Submitted by Charles Hugh-Smith of OfTwoMinds blog,
An unprecedented tsunami of state-borrowed and Fed-printed money has failed to fix the systemic crisis.
What happens when all systemic risk ends up concentrated in the central state? Let's start by noting that the central state (Federal government) backstops every category of risk: major flooding, crop failure, bank failure, student loans, old-age pensions, healthcare for the elderly and low-income, disability, and so on.
The Federal government pays for all these programs by collecting taxes and borrowing the difference between tax receipts and expenditures by selling Treasury bonds.
The foundational faith of this concentration of risk in the state is that crises that require massive deficit spending--borrowing vast sums to "get us through a rough patch"-- will be intermittent and brief.
The Great Depression upended that faith: certain types of systemic financial crises were neither intermittent nor brief but chronic and resistant to conventional fixes.
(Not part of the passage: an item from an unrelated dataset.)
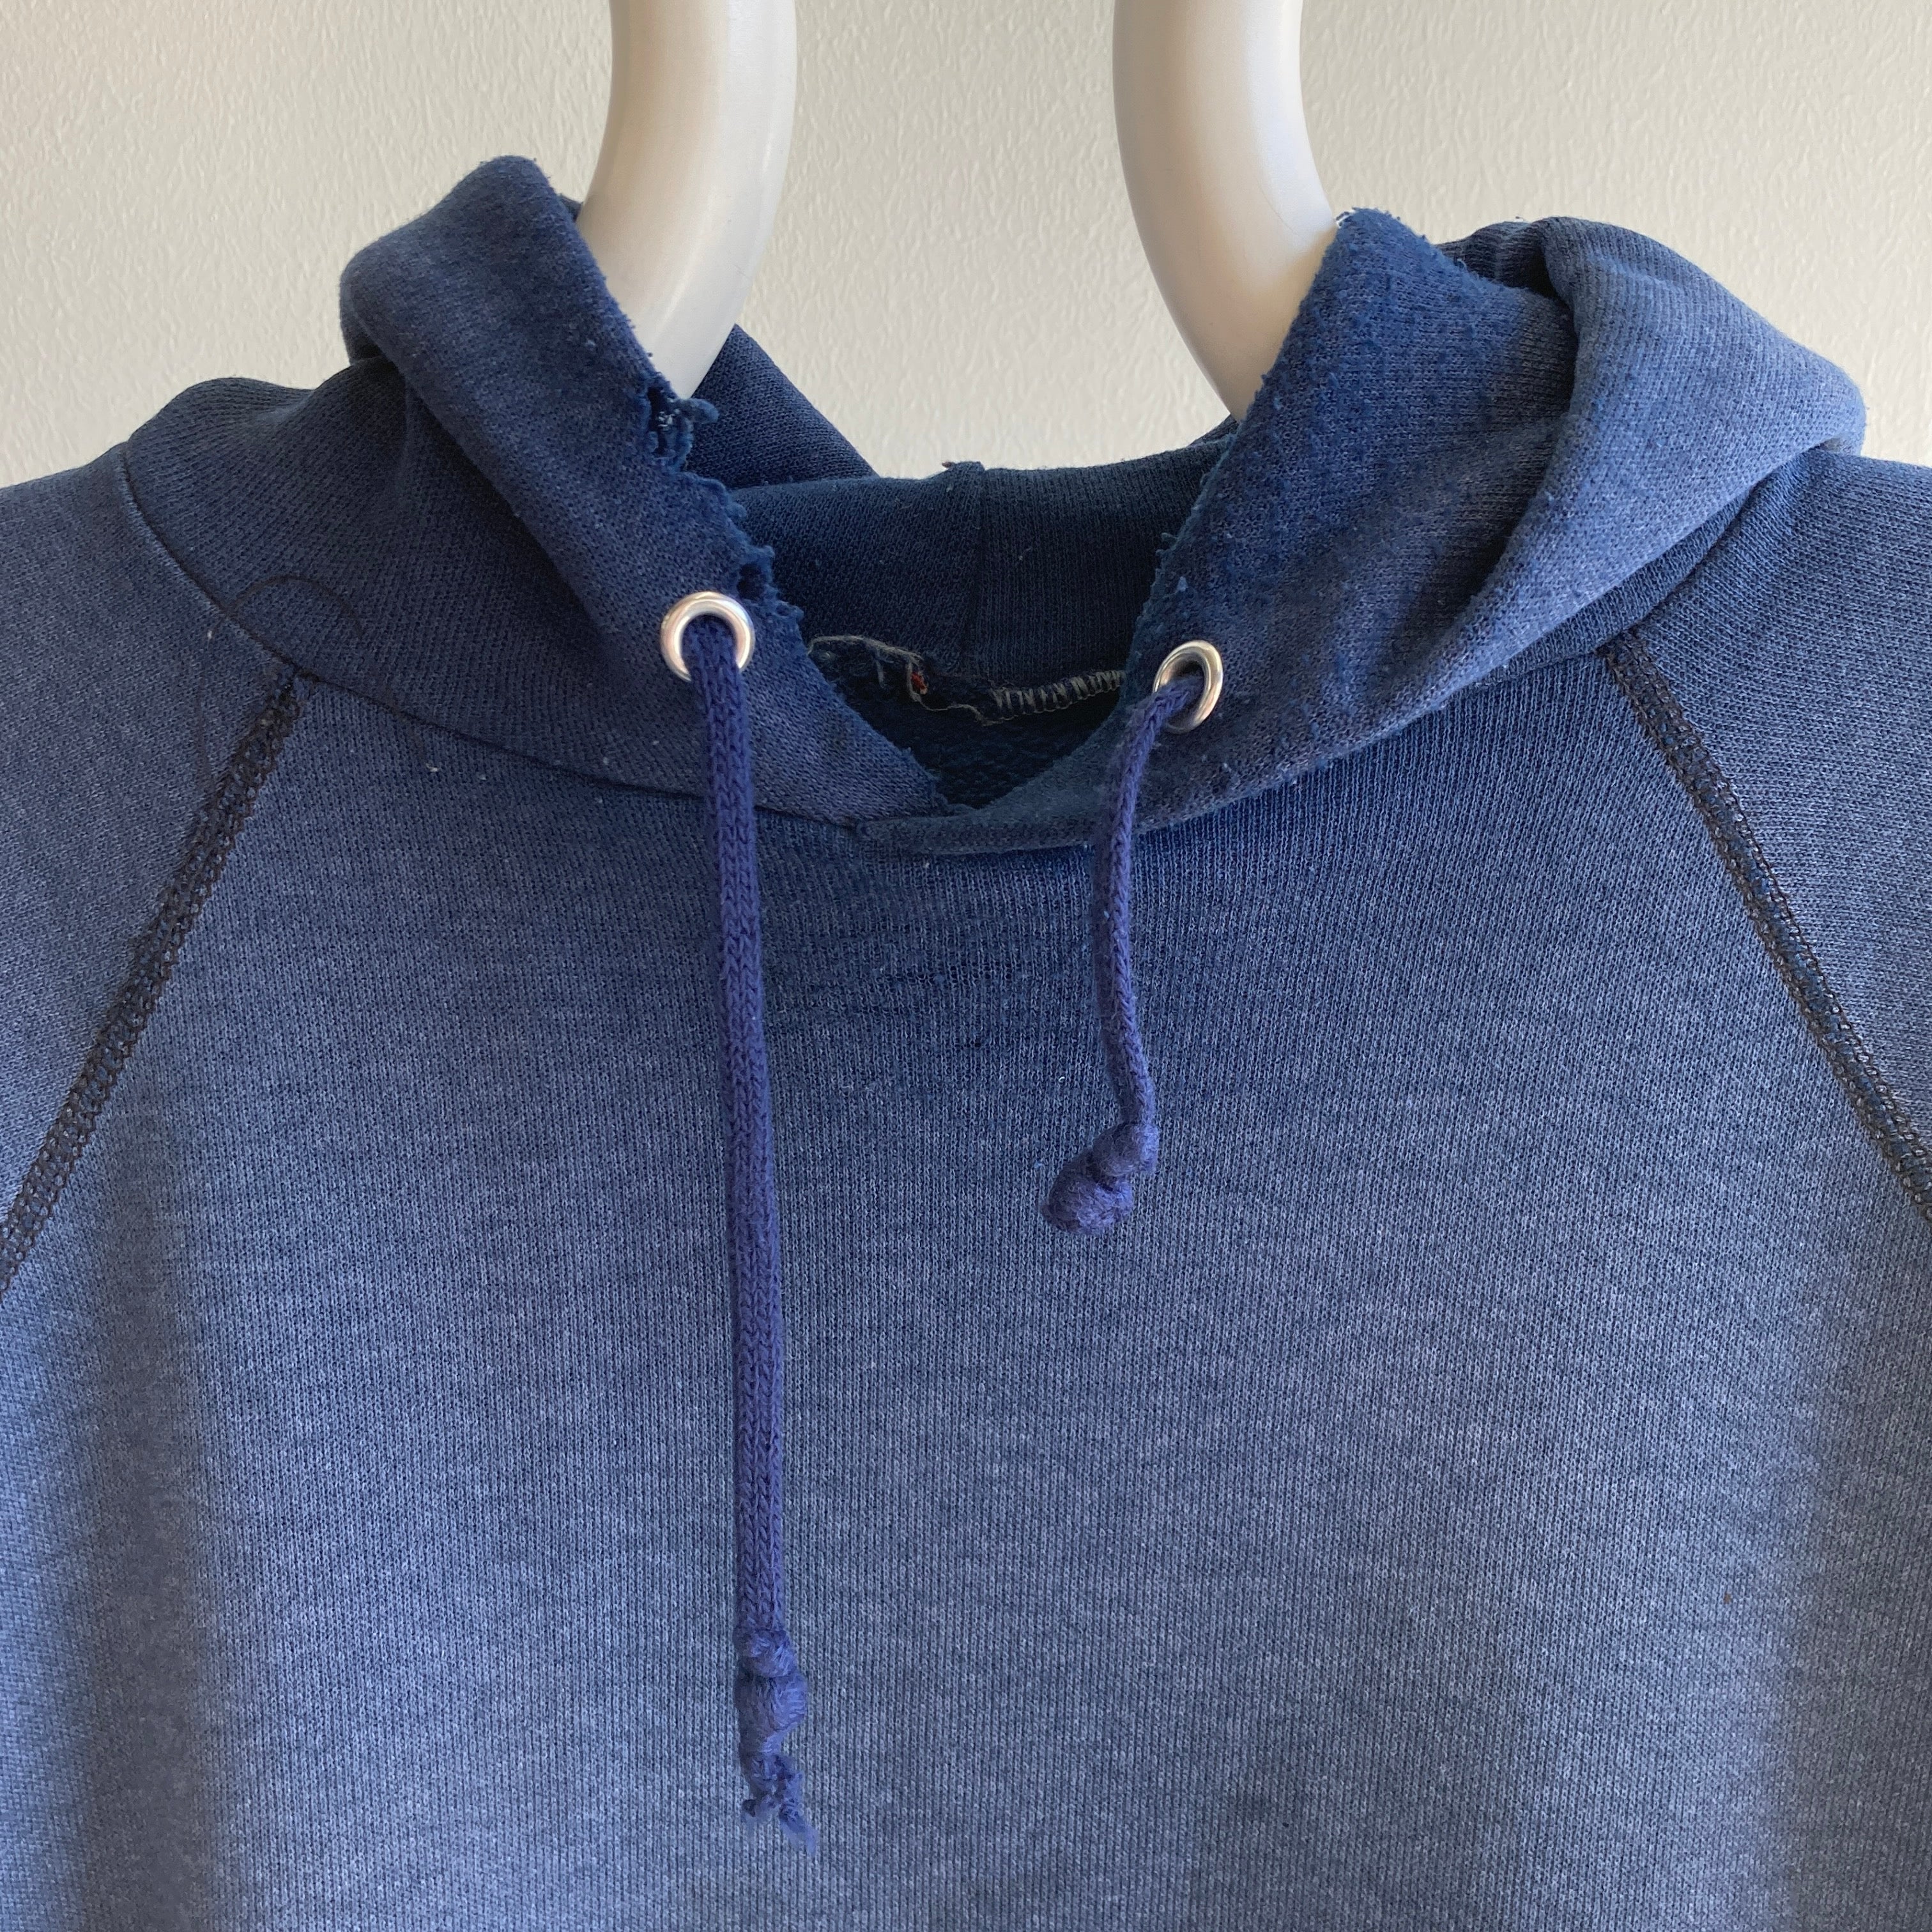 1980s Double Arm Gusset Super Beat Up Rad Fade Pull Over Hoodie

The unprecedented borrowing and spending of World War II spawned a new faith: that the only fix to chronic systemic financial crises was to borrow and spend monumental amounts of money that in essence replaced all private-sector demand lost in the crisis and then some. This "fixed" the chronic crisis by flooding the real economy with enough money that households and businesses could pay down or liquidate old debt (i.e. deleverage) and earn enough to save money that accumulated the capital to fuel a new round of credit expansion.
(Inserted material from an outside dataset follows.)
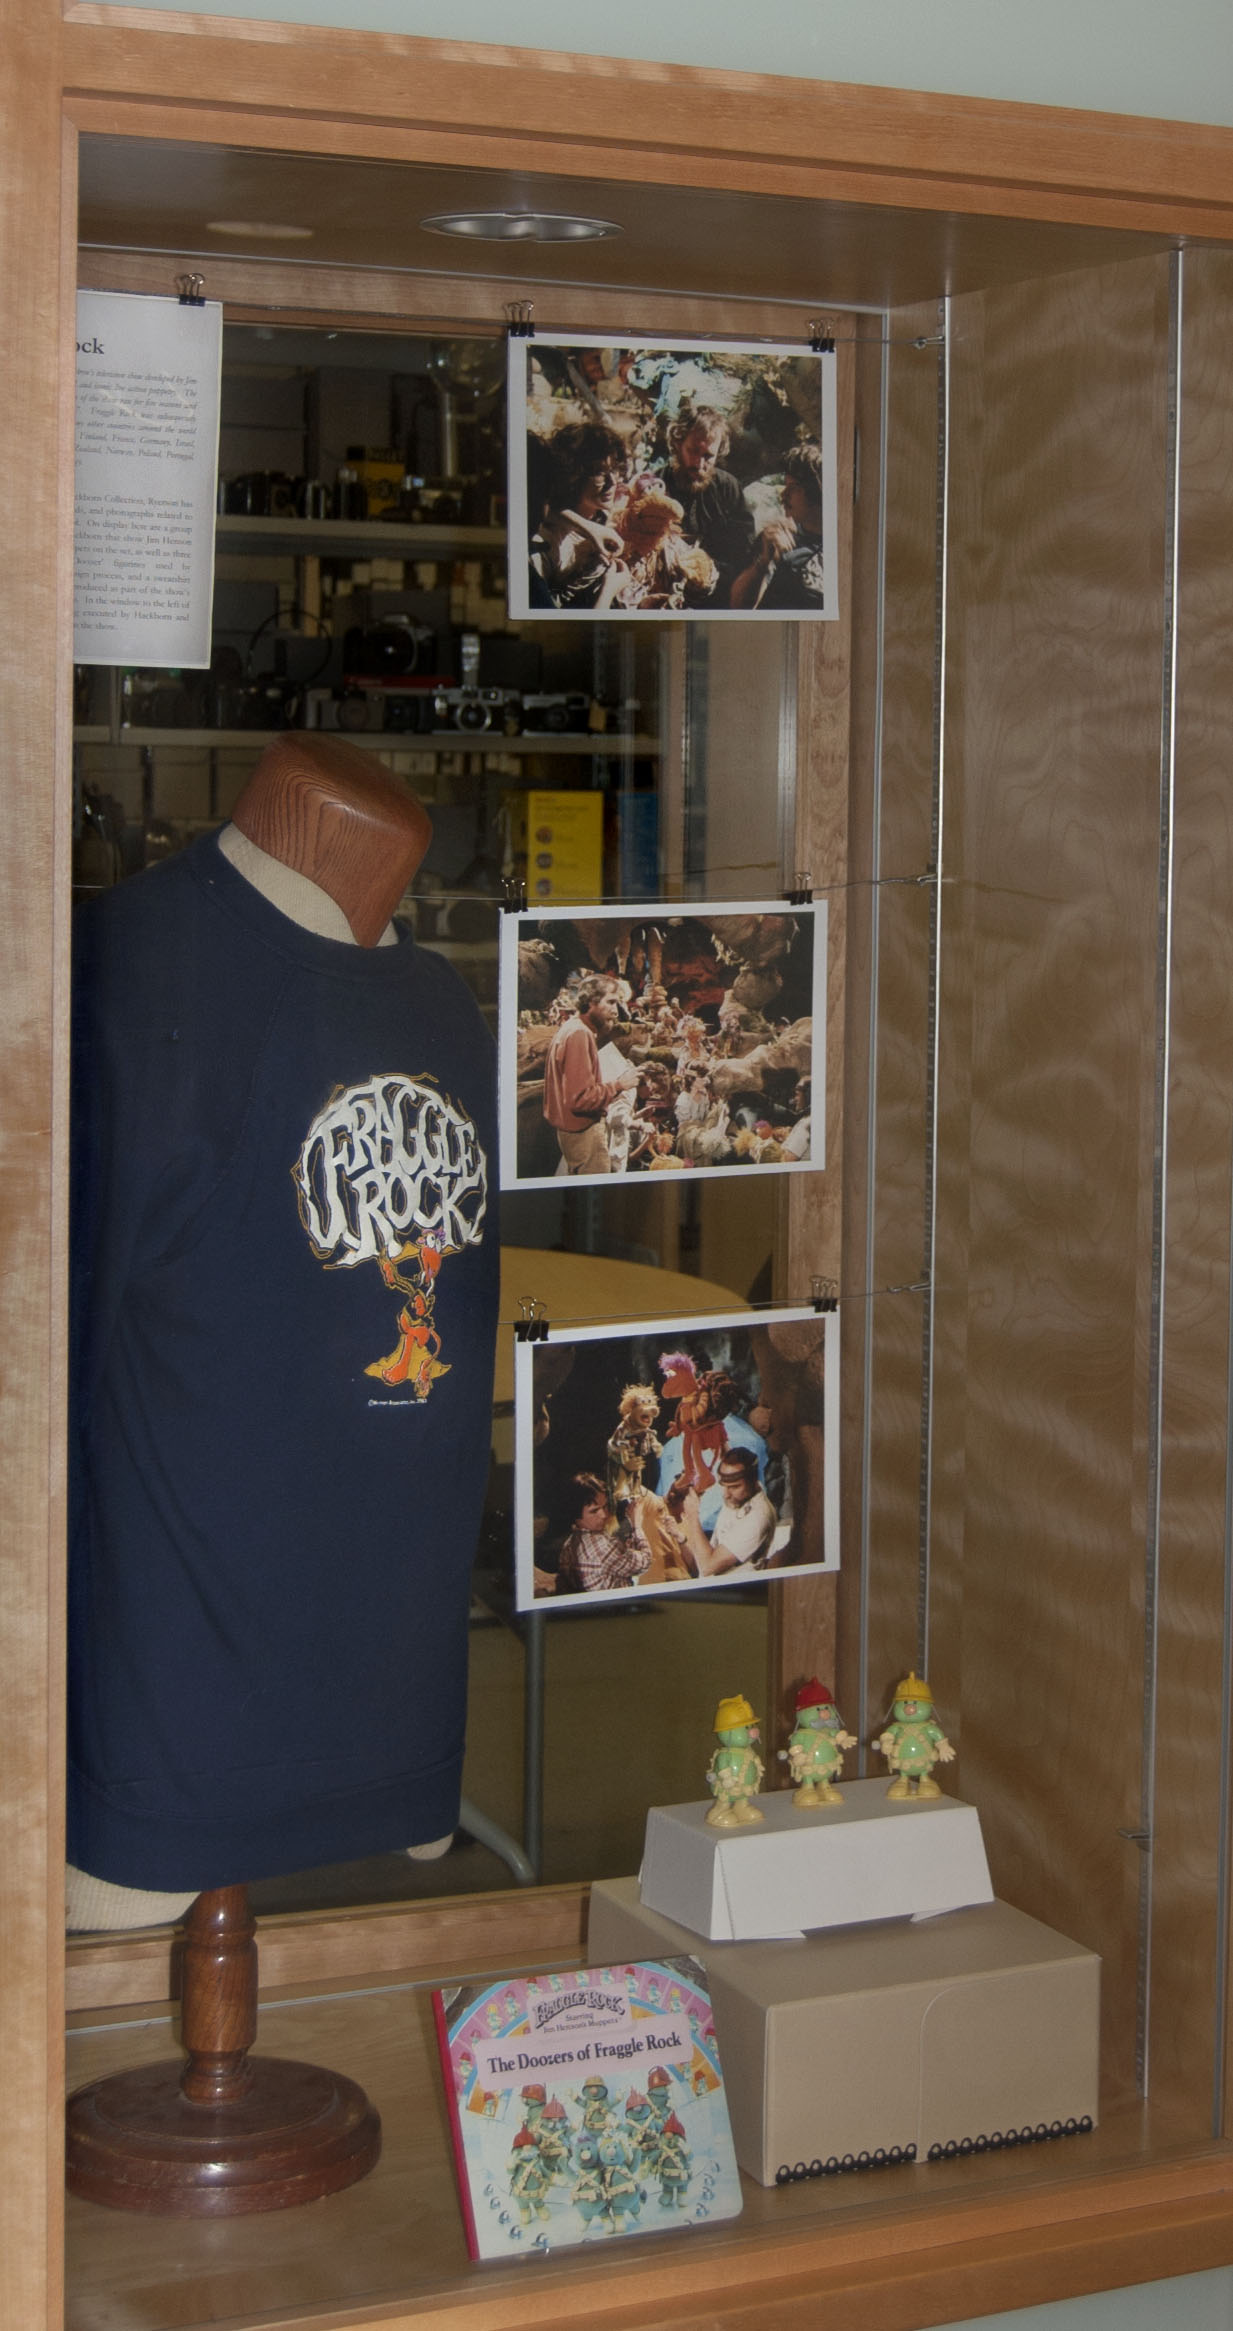 On display are a group of color photographs taken by Hackborn, a sweatshirt, a children’s picture book, and figurines related to the production of Fraggle Rock.

In terms of risk and moral hazard, all systemic risk was offloaded onto the state, and the consequences of poor risk/money-management decisions were obliterated by the tsunami of borrowed Federal money.
In the quasi-religion of Big Government Borrowing as the risk-free fix to all crises, those saved by Big Government borrowing/spending are victims: victims of unpredictable Nature (drought, illness) or financial crises beyond individual's control (bank failures).
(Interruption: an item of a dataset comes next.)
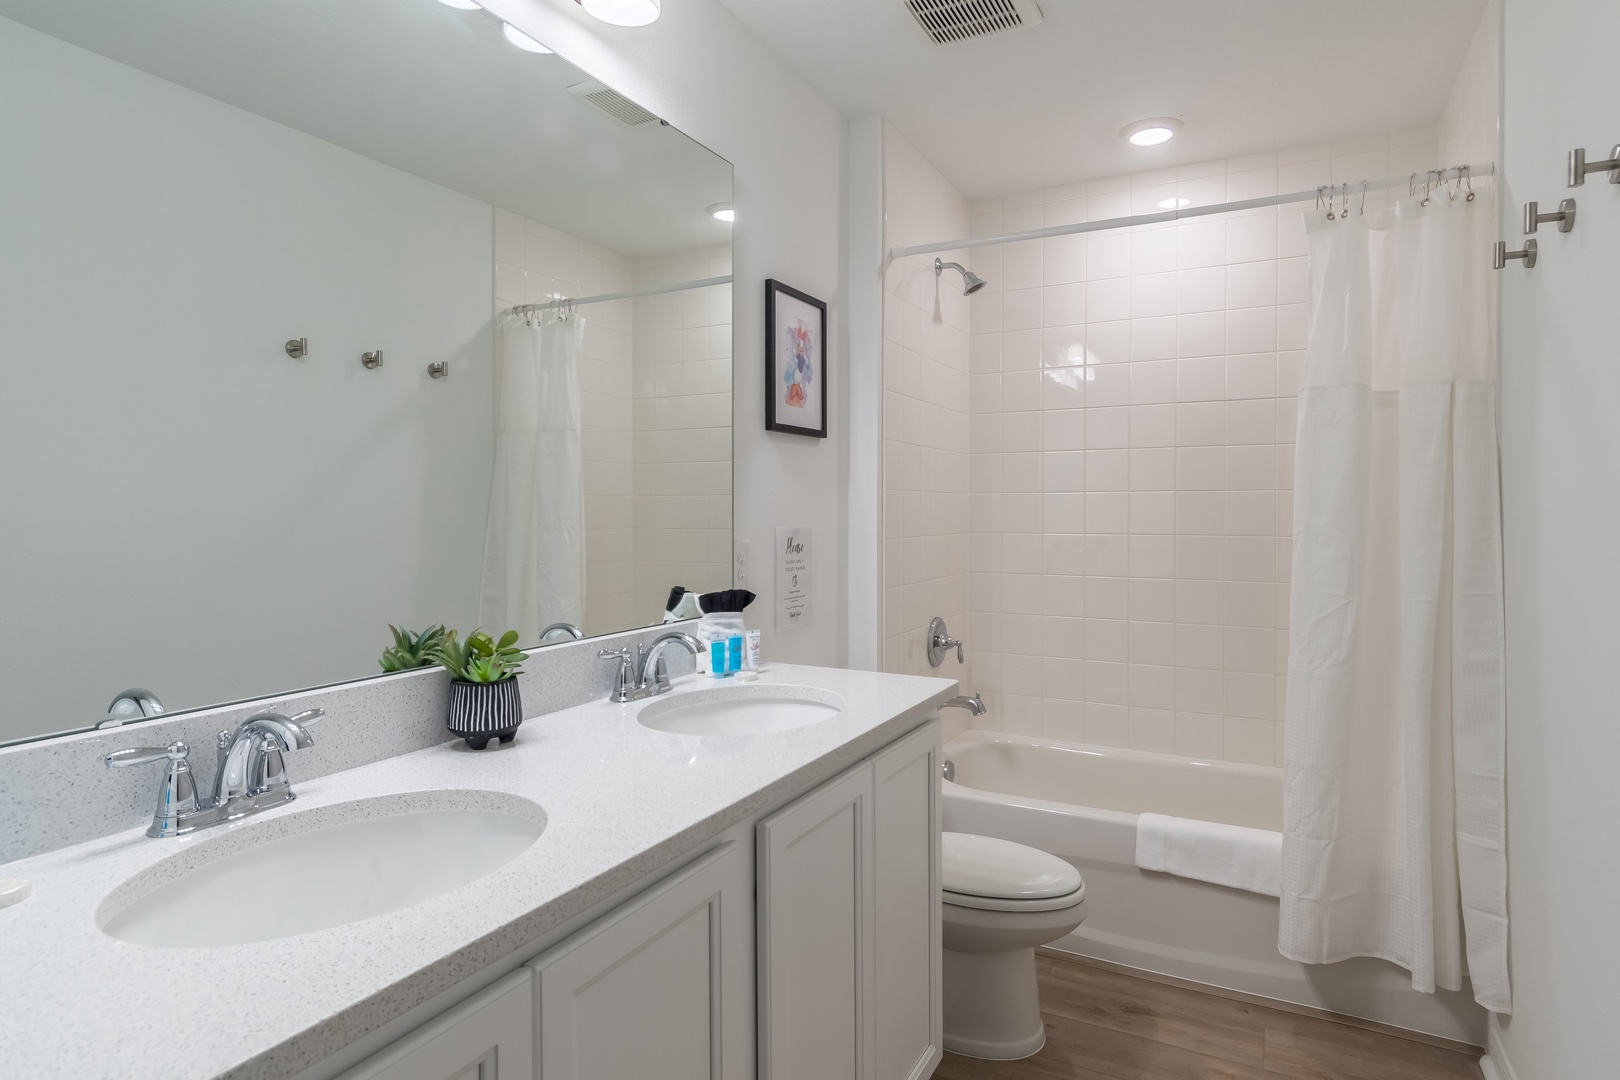 The 2nd floor shared bathroom includes a double vanity & shower/tub combo

But this worldview excludes moral hazard, that is, the causal connection between poor choices/high risks and poor outcomes. Once the state backstops every loss, regardless of origin, it not only backstops innocent victims, it also backstops non-victims, those who made poor choices that resulted in losses and the parasitic criminal class of those gaming the unlimited backstops of the state.
This dominance of moral hazard discourages integrity and responsibility and incentivizes risky speculation and irresponsible choices and lifestyles. My Mom (83) has told me that she's heard men of her generation exclaim that there is no need to modify their unhealthy lifestyle because "the government will pay for another bypass."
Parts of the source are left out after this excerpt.